Take the lines from the one containing "Tax the Rich." through the final line below and restate them exactly. Omit the pictures.

* _MATERIAL PROVIDED_:
****************
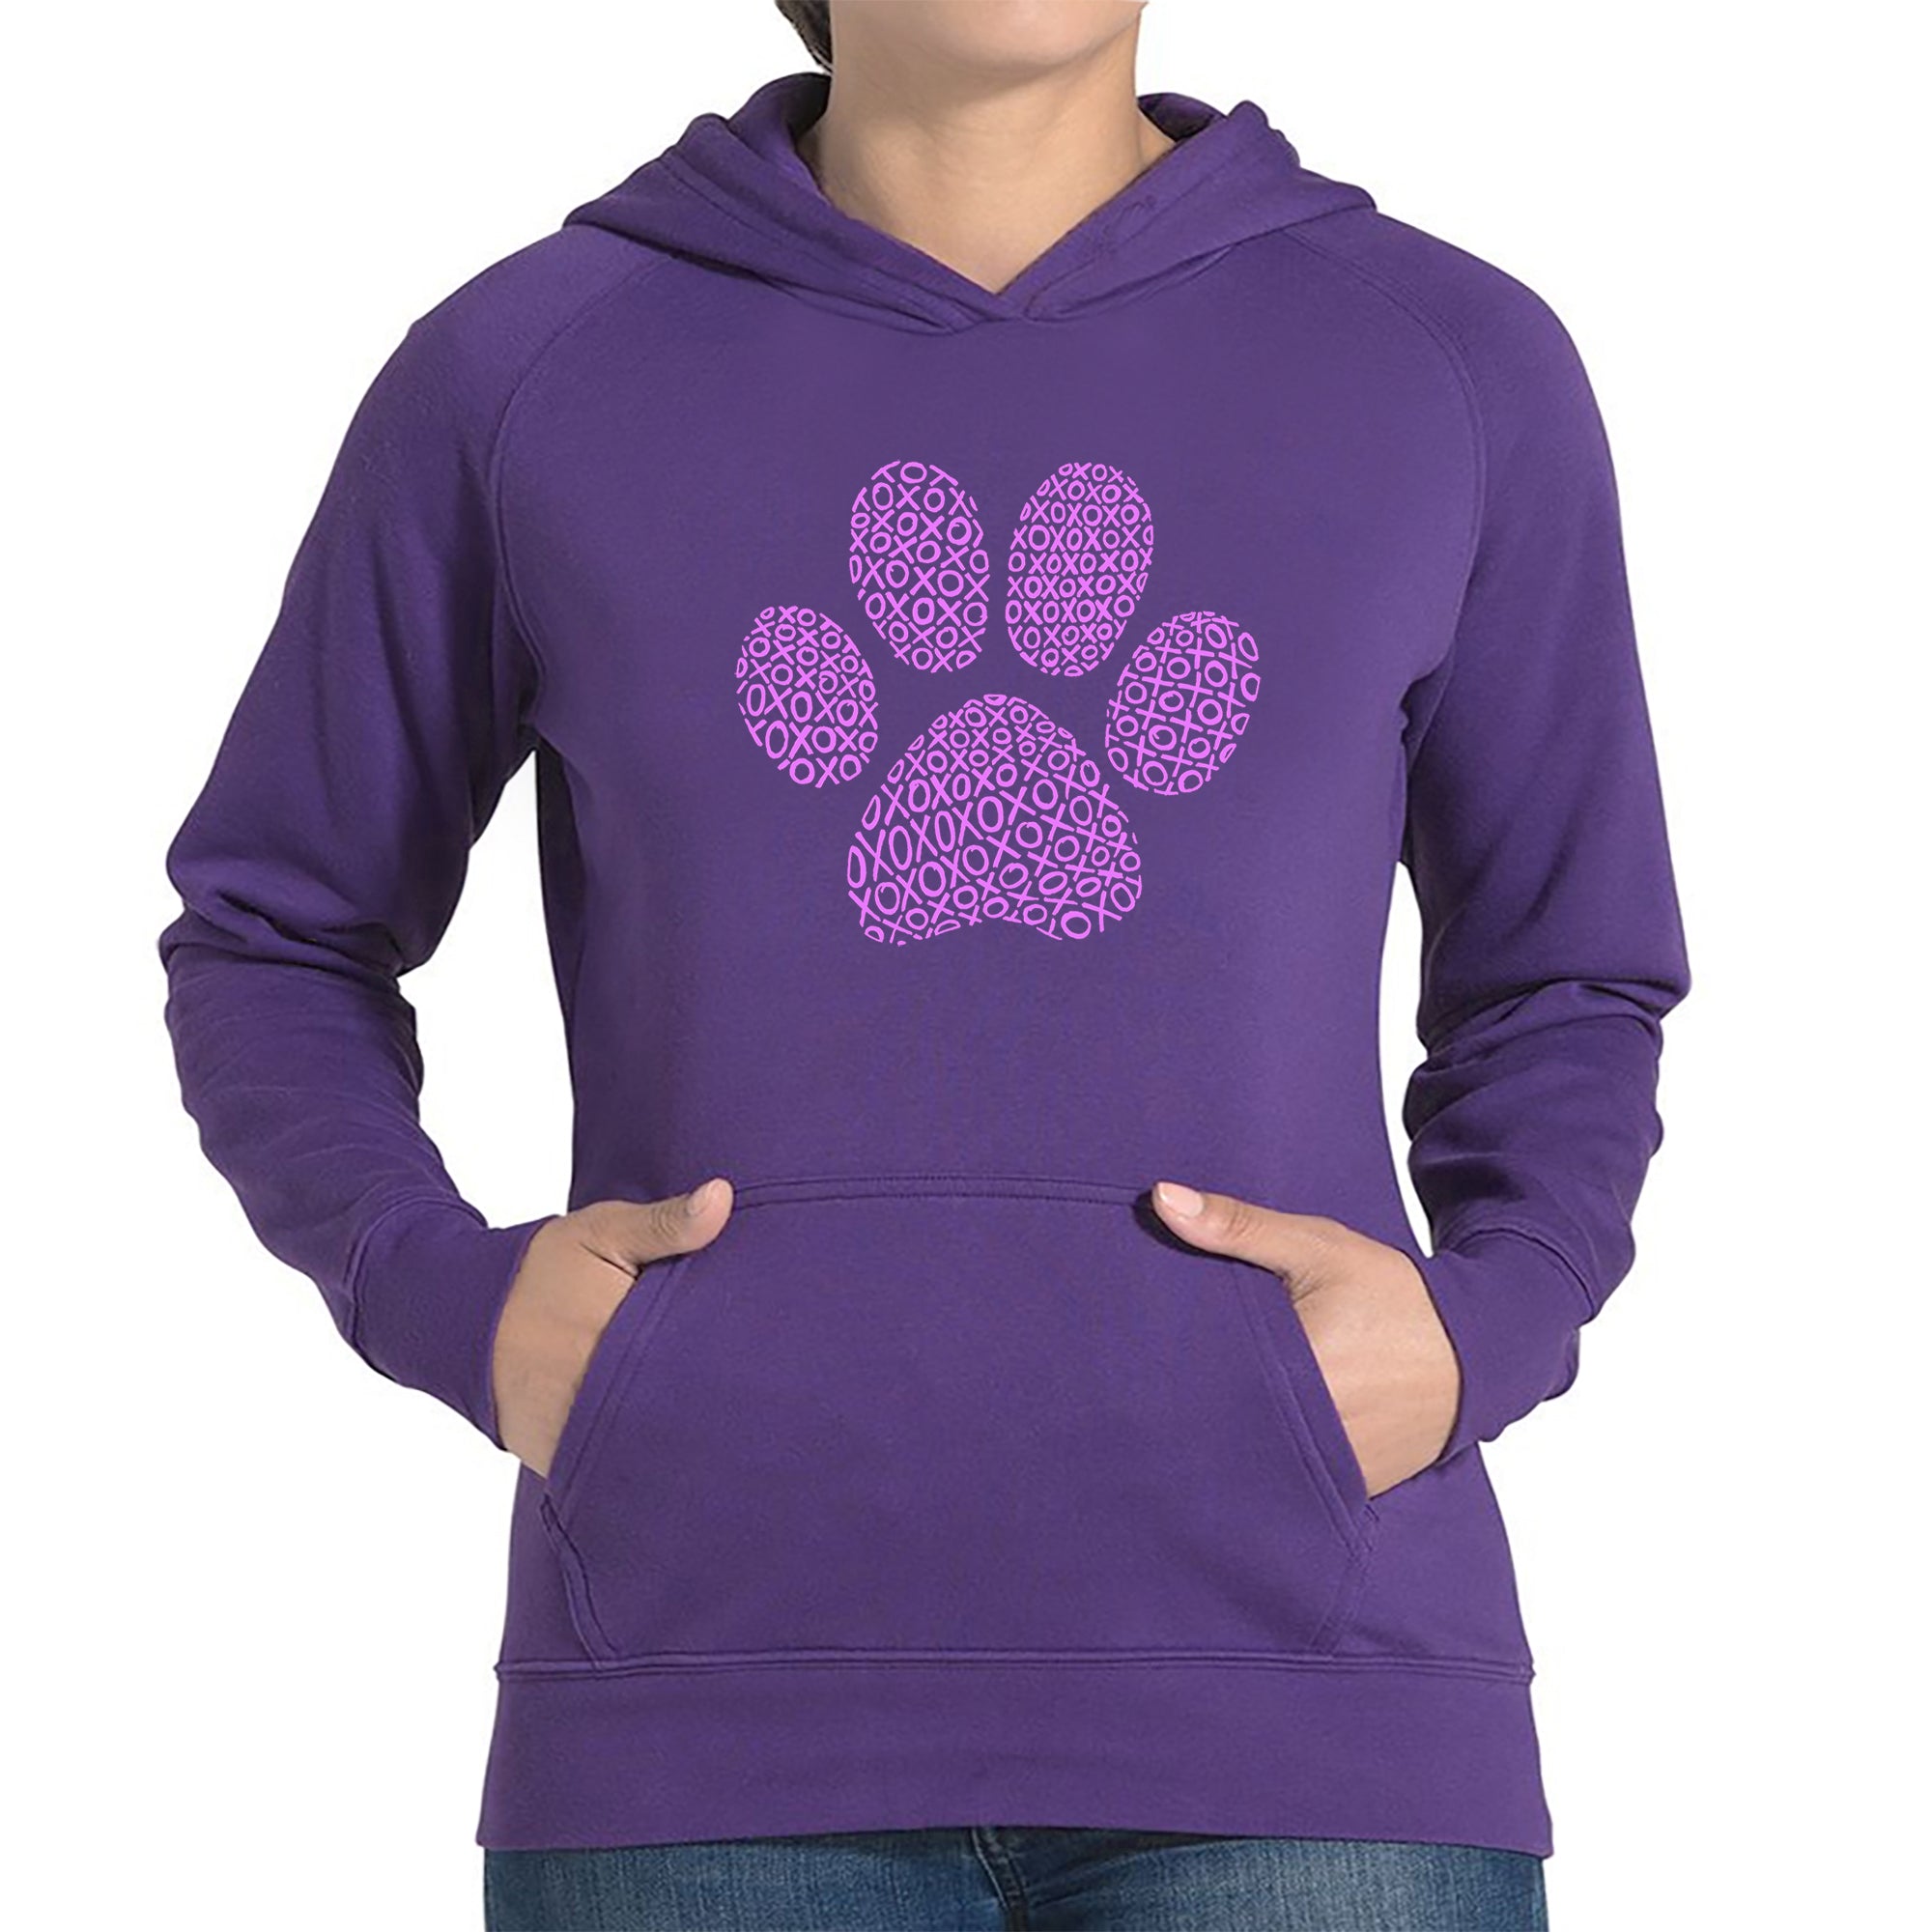 XOXO Dog Paw - Women's Word Art Hooded Sweatshirt - Purple - XXX-Large
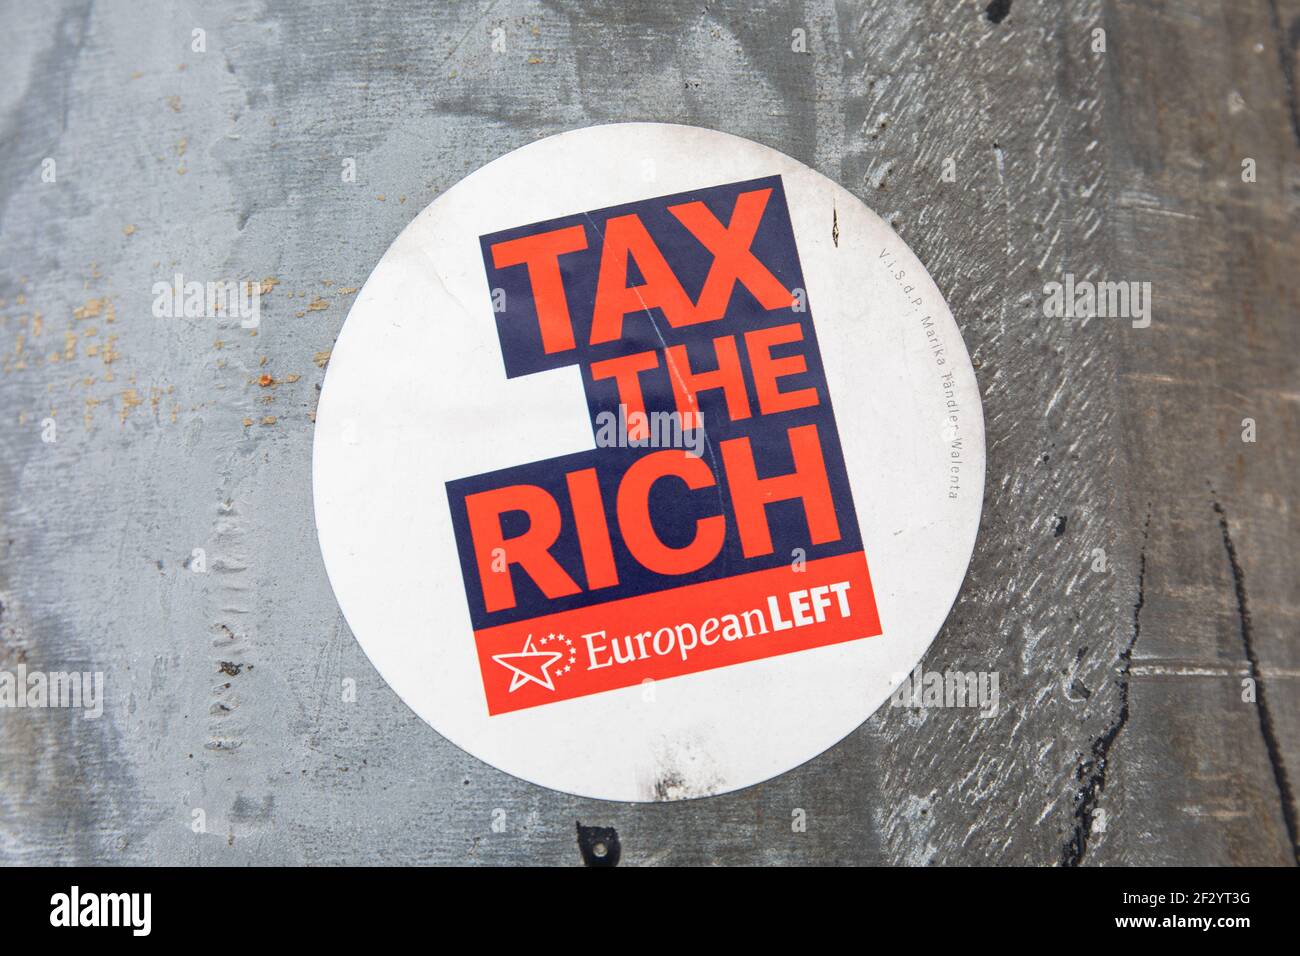 Tax the Rich. European Left sticker on aluminium street light pole in Kallio district of Helsinki, Finland. Stock Photo
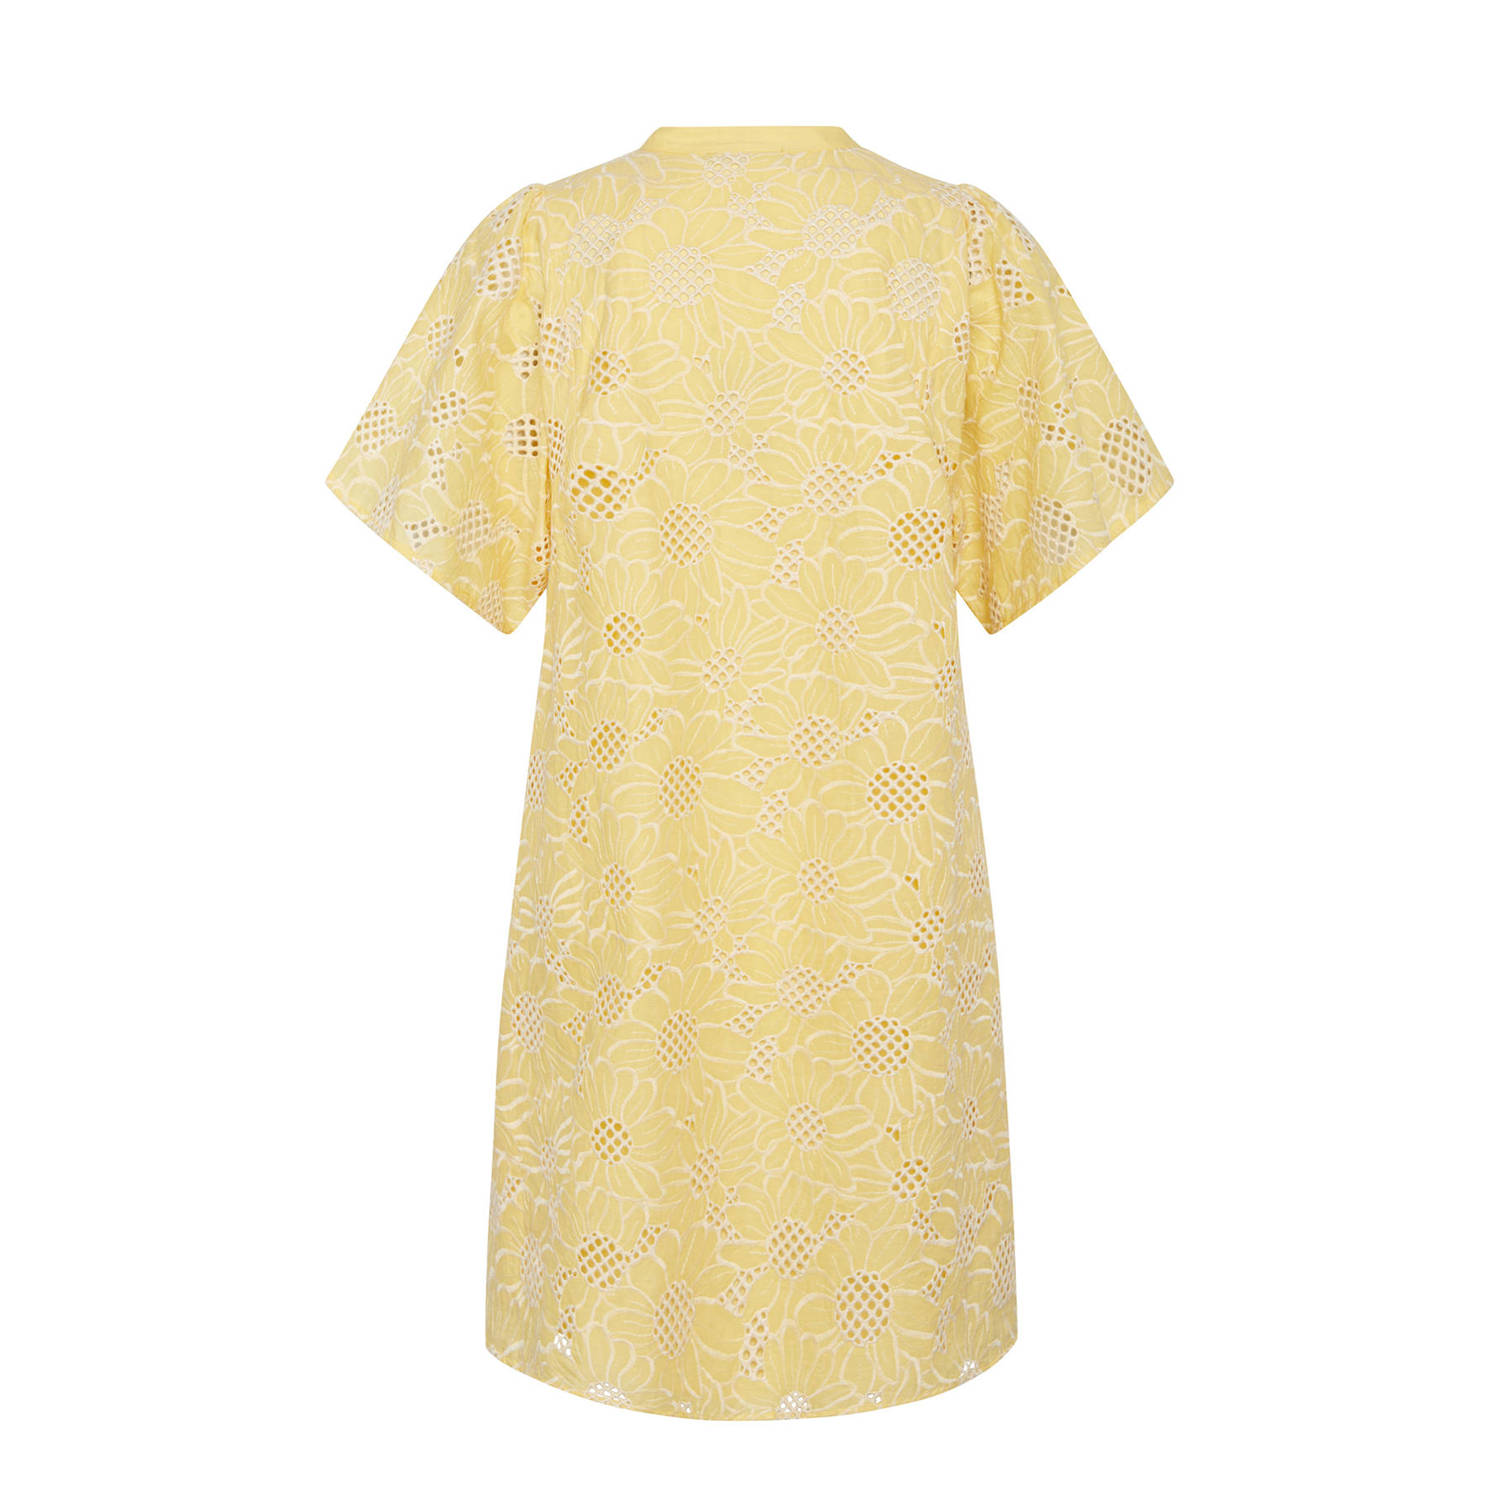 Bruuns Bazaar gebloemde jurk geel wit
****************
* _RESULT OF THIS TASK_:
 Tax the Rich. European Left sticker on aluminium street light pole in Kallio district of Helsinki, Finland. Stock Photo
 Bruuns Bazaar gebloemde jurk geel wit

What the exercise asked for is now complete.